DimRed is a python package that enables Dimension Reduction leveraging various algorithms with the default being PCA (Principal Component Analysis). The algorithms supported so far are:

  • numpy EVD, SVD
  • sklearn PCA, SparsePCA and TruncatedSVD.

This package also offers some visualization capabilities to explore the principal components (up to 2 or 3 PC, in 2D or 3D).

DimRed has some built-in functions written in numpy and others leveraging the well known sklearn built-in functions:

  • internally built SVD and EVD methods with numpy:
  • dimred_svd - Dimension reduction using the Singular Value Decomposition: X . V = U . S ==> X = U.S.Vt This should return the same results as sklearn_pca and it uses np.linalg.svd
  • dimred_evd- Dimension reduction using the Eigen Value Decomposition, based on C being the covariance matrix of X C = XT x X / (n -1) and C = Q Λ QT where Λ is a diagonal matrix with eigenvalues in decreasing order on the diagonal. It uses np.linalg.eig
  • sklearn.decomposition algorithms:
    • sklearn_pca - leverages sklearn PCA() that is a Linear dimension reduction function that uses SVD. This should return the same results as numpy based internal implementation of SVD: dimred_svd
    • sklearn_sparse_pca - using sklearn SparsePCA() also great for Sparse matrices that are not of type scipy.sparse
    • sklearn_truncated_svd - leverages sklearn TruncatedSVD() - great for handling sparse matrices (with lots of 0), that are type scipy.sparse (X.sp_issparse is True).

Here is an example with PCA (Principal Component Analysis) that is using a Linear Dimension reduction algorithm to project your data to a lower dimensional space.
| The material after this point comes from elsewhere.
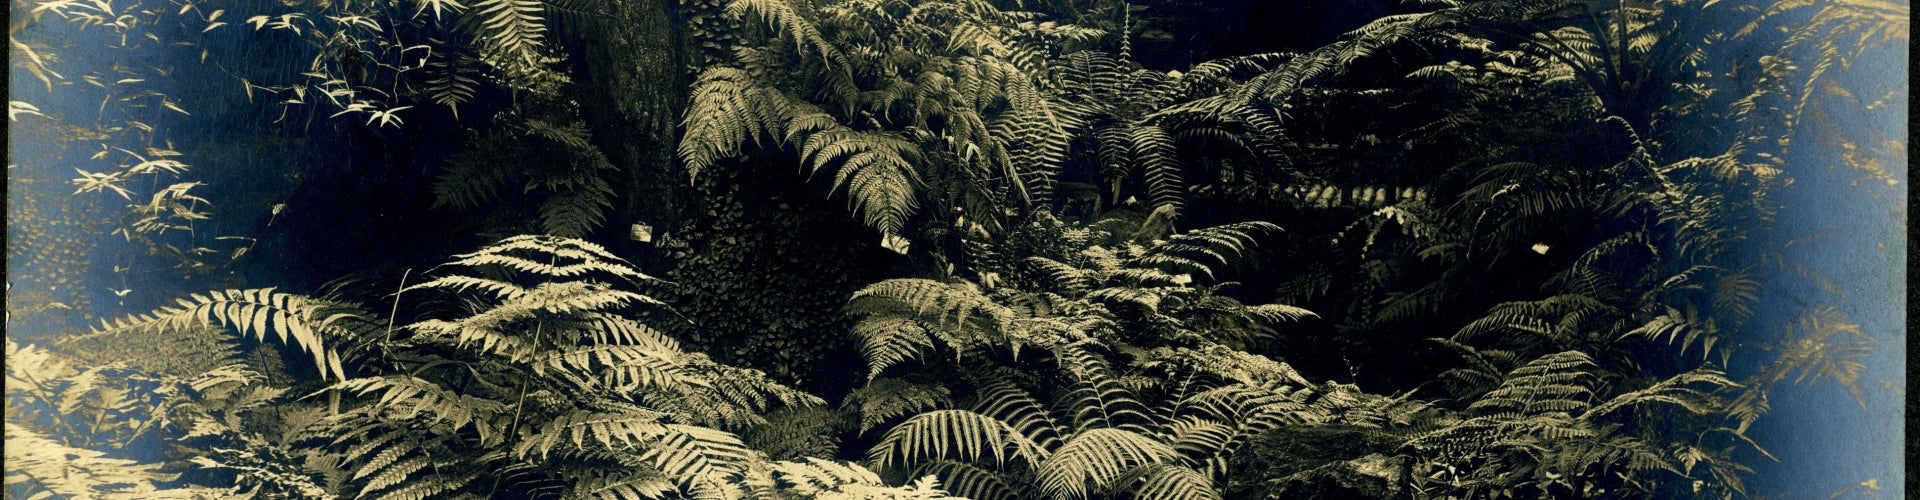 A black and white photograph of a closeup of ferns.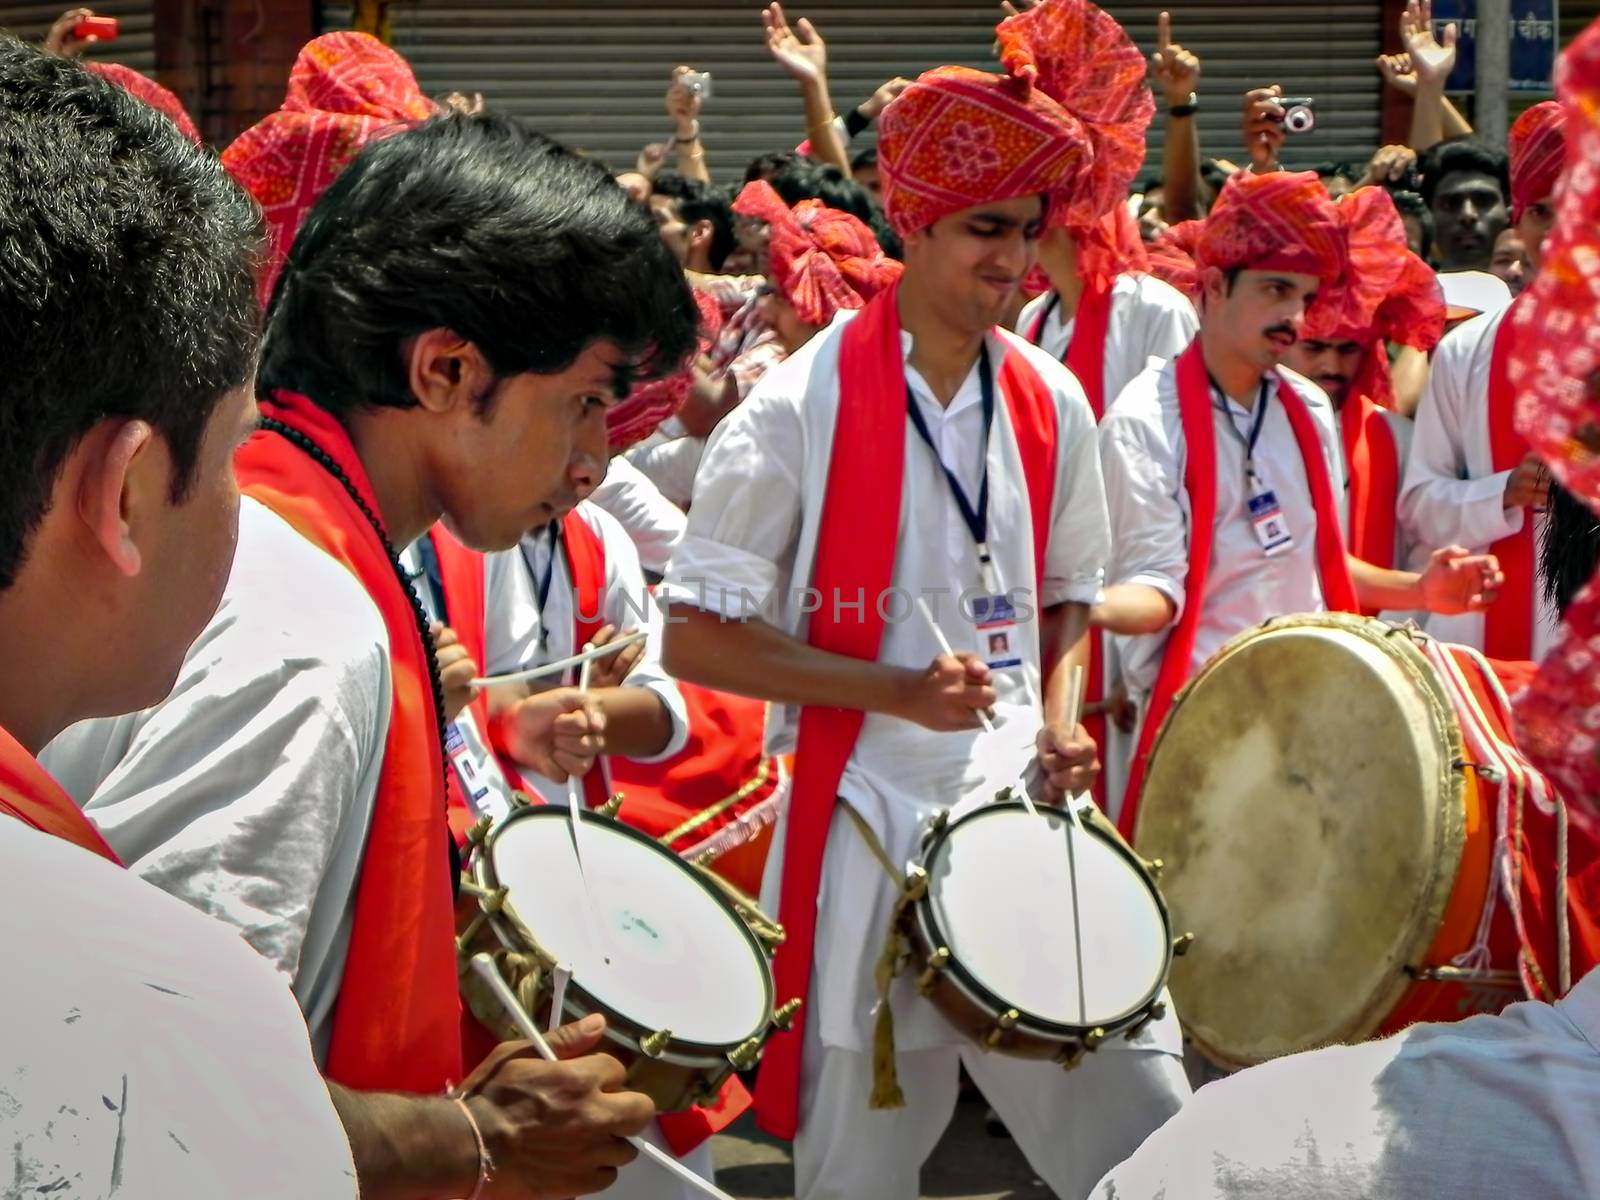 Pune,Maharashtra,India-September 22nd,2010: Group of youths beating traditional dhol & tasha collectively during festival procession of ganesh as people in crowd watch.

It is an unsupervised technique for feature extraction by combining input variables in a specific way so that the output "new" variables (or components) are all independent of one another.

PCA aims to find linearly uncorrelated orthogonal axes, which are also known as principal components (PCs) in the m dimensional space to project the data points onto those PCs. The first PC captures the largest variance in the data. Let’s intuitively understand PCA by fitting it on a 2-D data matrix, which can be conveniently represented by a 2-D scatter plot:


Making sense of PCA by fitting on a 2-D dataset (source)

Since all the PCs (Principal Components) are orthogonal to each other, we can use a pair of perpendicular lines in the 2-D space as the two PCs. To make the first PC capture the largest variance, we rotate our pair of PCs to make one of them optimally align with the spread of the data points. Next, all the data points can be projected onto the PCs, and their projections (red dots on PC1) are essentially the resultant dimensionality-reduced representation of the dataset. Viola, we just reduced the matrix from 2-D to 1-D while retaining the largest variance!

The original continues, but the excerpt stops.